■ **Extracted records**
● ● ● ● ● ● ●
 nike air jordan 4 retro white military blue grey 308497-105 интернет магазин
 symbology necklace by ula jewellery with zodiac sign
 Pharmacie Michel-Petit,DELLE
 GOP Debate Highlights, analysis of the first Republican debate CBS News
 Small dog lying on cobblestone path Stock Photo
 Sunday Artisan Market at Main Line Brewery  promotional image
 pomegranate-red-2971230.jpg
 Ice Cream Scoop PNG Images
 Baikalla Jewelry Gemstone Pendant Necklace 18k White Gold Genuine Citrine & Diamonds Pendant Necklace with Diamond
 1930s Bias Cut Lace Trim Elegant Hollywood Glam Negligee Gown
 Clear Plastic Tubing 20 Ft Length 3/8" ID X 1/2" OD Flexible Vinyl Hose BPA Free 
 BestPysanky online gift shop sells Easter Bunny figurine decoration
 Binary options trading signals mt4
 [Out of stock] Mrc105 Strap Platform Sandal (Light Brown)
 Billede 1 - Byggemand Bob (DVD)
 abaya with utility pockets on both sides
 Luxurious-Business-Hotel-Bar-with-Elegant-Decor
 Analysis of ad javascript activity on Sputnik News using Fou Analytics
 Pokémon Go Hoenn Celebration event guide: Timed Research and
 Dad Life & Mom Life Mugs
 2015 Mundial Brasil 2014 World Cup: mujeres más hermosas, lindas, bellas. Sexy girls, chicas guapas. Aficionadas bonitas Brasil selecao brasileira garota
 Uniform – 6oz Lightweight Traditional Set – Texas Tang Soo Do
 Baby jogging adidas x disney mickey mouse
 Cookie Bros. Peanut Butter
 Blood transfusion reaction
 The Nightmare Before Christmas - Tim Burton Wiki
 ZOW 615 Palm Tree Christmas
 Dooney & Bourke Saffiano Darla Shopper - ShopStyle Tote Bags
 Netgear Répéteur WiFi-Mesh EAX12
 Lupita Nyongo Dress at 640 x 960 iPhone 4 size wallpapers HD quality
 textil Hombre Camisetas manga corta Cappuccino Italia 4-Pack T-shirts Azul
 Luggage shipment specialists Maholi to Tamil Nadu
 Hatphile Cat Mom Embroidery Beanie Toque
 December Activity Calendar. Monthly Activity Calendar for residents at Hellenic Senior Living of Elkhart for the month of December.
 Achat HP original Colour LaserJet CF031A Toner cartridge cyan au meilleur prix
● ● ● ● ● ● ●
■ **Instructions to follow**
Could you output each line above exactly as it was given?

■ **Output below**
 nike air jordan 4 retro white military blue grey 308497-105 интернет магазин
 symbology necklace by ula jewellery with zodiac sign
 Pharmacie Michel-Petit,DELLE
 GOP Debate Highlights, analysis of the first Republican debate CBS News
 Small dog lying on cobblestone path Stock Photo
 Sunday Artisan Market at Main Line Brewery  promotional image
 pomegranate-red-2971230.jpg
 Ice Cream Scoop PNG Images
 Baikalla Jewelry Gemstone Pendant Necklace 18k White Gold Genuine Citrine & Diamonds Pendant Necklace with Diamond
 1930s Bias Cut Lace Trim Elegant Hollywood Glam Negligee Gown
 Clear Plastic Tubing 20 Ft Length 3/8" ID X 1/2" OD Flexible Vinyl Hose BPA Free 
 BestPysanky online gift shop sells Easter Bunny figurine decoration
 Binary options trading signals mt4
 [Out of stock] Mrc105 Strap Platform Sandal (Light Brown)
 Billede 1 - Byggemand Bob (DVD)
 abaya with utility pockets on both sides
 Luxurious-Business-Hotel-Bar-with-Elegant-Decor
 Analysis of ad javascript activity on Sputnik News using Fou Analytics
 Pokémon Go Hoenn Celebration event guide: Timed Research and
 Dad Life & Mom Life Mugs
 2015 Mundial Brasil 2014 World Cup: mujeres más hermosas, lindas, bellas. Sexy girls, chicas guapas. Aficionadas bonitas Brasil selecao brasileira garota
 Uniform – 6oz Lightweight Traditional Set – Texas Tang Soo Do
 Baby jogging adidas x disney mickey mouse
 Cookie Bros. Peanut Butter
 Blood transfusion reaction
 The Nightmare Before Christmas - Tim Burton Wiki
 ZOW 615 Palm Tree Christmas
 Dooney & Bourke Saffiano Darla Shopper - ShopStyle Tote Bags
 Netgear Répéteur WiFi-Mesh EAX12
 Lupita Nyongo Dress at 640 x 960 iPhone 4 size wallpapers HD quality
 textil Hombre Camisetas manga corta Cappuccino Italia 4-Pack T-shirts Azul
 Luggage shipment specialists Maholi to Tamil Nadu
 Hatphile Cat Mom Embroidery Beanie Toque
 December Activity Calendar. Monthly Activity Calendar for residents at Hellenic Senior Living of Elkhart for the month of December.
 Achat HP original Colour LaserJet CF031A Toner cartridge cyan au meilleur prix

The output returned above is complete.